- What you are asked to do
Repeat the stretch of entries below from the line with "Asian Skincare To" through the line with "Litorella lacustris - Stock Image". Include both ends and add nothing.

- The data
Content starts

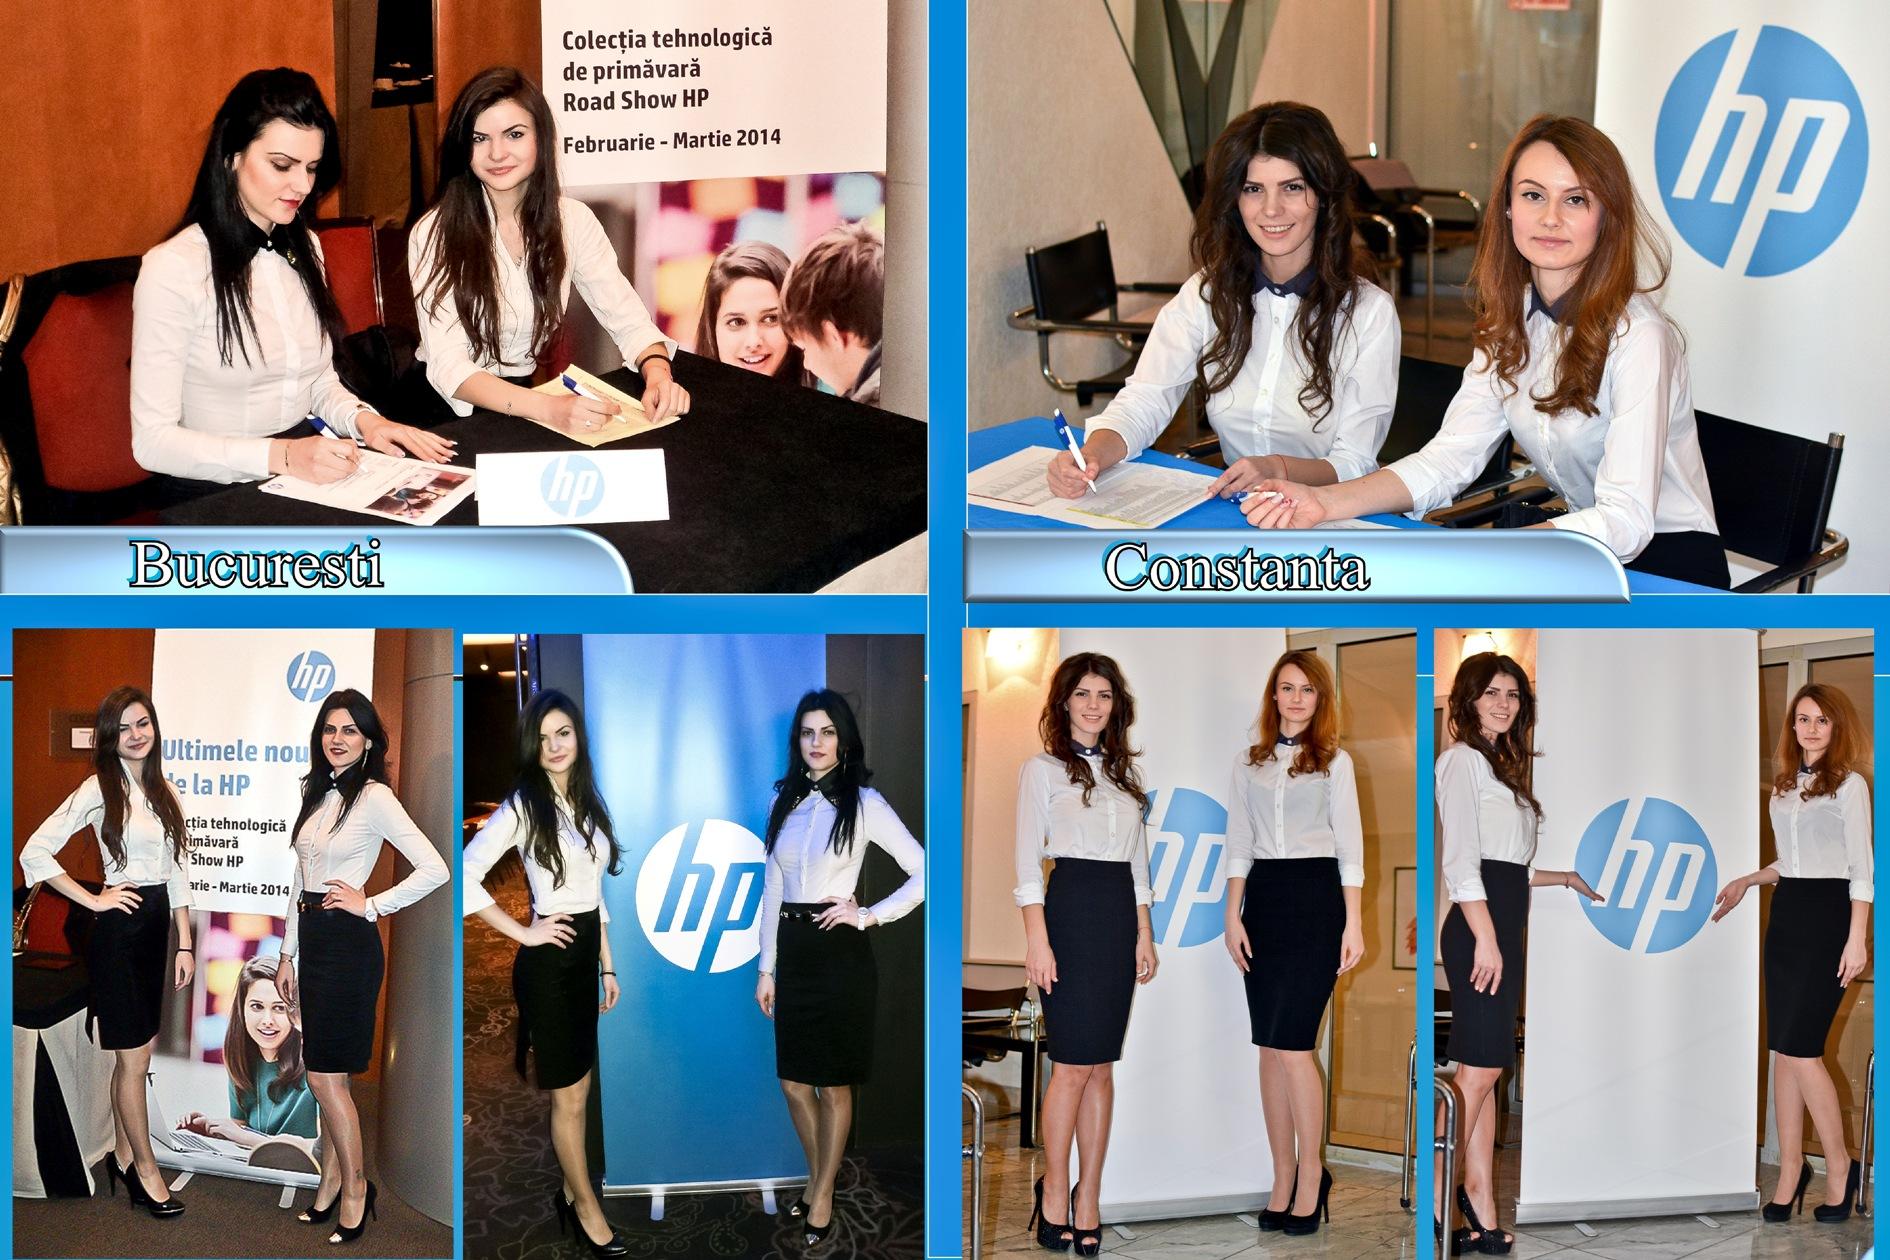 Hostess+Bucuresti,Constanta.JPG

Content ends
Content starts

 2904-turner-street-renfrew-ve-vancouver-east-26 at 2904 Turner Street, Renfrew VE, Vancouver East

Content ends
Content starts

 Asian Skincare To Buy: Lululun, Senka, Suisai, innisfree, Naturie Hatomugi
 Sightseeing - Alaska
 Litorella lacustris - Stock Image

Content ends

- Task output
 Asian Skincare To Buy: Lululun, Senka, Suisai, innisfree, Naturie Hatomugi
 Sightseeing - Alaska
 Litorella lacustris - Stock Image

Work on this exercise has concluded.